Pukul dua dini hari, Ardi mendapat telepon dari Rumah Sakit.
"Apa? Iya, masukkan obatnya melalui infus, saya akan segera ke sana," ucap Ardi kemudian menutup teleponnya.
"Babe, bangun Babe, ikut aku ke Rumah Sakit yuk," Ardi membangunkan Najma.
"Ada apa Mas?" tanya Najma sambil menggeliat, mengeriyip dan melihat jam digital di dinding.
"Yudha barusan kejang, kita ke sana yuk,"
"Ah iya," mereka segera berganti baju dan menaiki mobil untuk segera ke rumah sakit. Karena masih dini hari jalanan sepi sehingga mereka bisa segera sampai ke rumah sakit.
Sesampainya di rumah sakit, Ardi langsung masuk ruang rawat Yudha. Ia memeriksa langsung keadaan Yudha, kejang telah berhenti, dan Yudha juga sadar.

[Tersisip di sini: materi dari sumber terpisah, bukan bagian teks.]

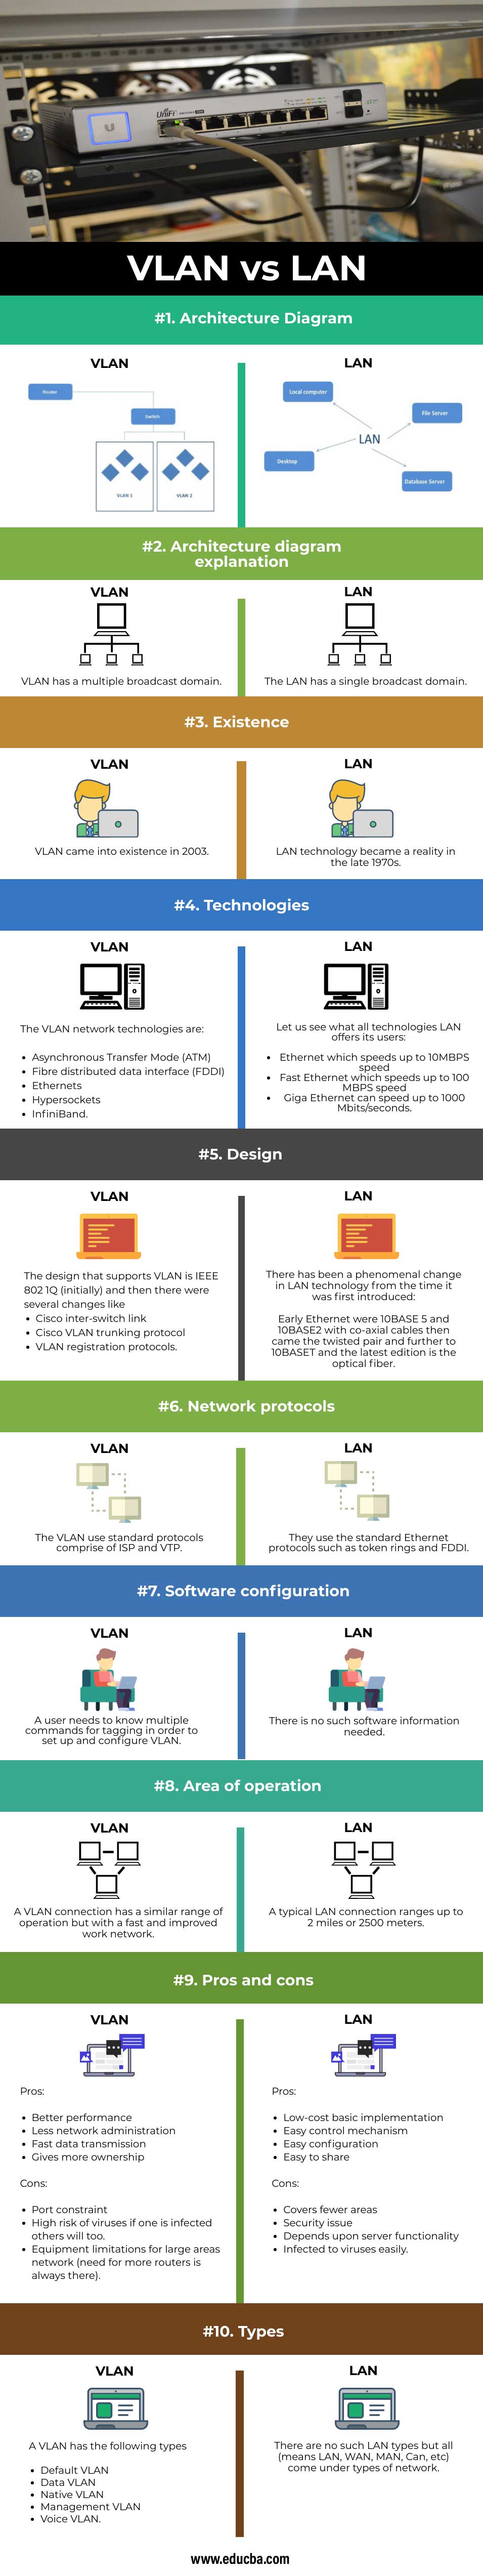 VLAN-vs-LAN-info

"Ngapain aku dipasangin kaya gini?" tanya Yudha sambil menunjuk elektroda yang menempel di dadanya, dan sebuah alat menyerupai penjepit di jari telunjuknya, dan semua itu terhubung di monitor di sebelahnya. Menunjukkan denyut jantung, saturasi oksigen, respirasi/ jumlah pernafasan, dan tekanan darah.
"Biar terpantau lebih rinci lagi Yud, nurut napa, di sini aku dokternya, kamu pasien ya," sahut Ardi.
"Maaf ya brother, aku ngerepotin kamu sama Najma,"
"Iya, ngerepotin banget, makanya semangat sembuh ya, biar repot ku ini ga sia-sia," ucap Ardi, ia memberi semangat sahabatnya itu.
"Iya, in syaa Allah, jazaakallaahu khairan Ar, Qumil gimana? Sudah ada jawaban?"
"Waiyyaka, kamu fokus aja buat kesembuhan mu dulu ya, aku berusaha dengan antibiotik, orang tuamu berusaha dengan doa, dan kamu optimis untuk segera sembuh ya,"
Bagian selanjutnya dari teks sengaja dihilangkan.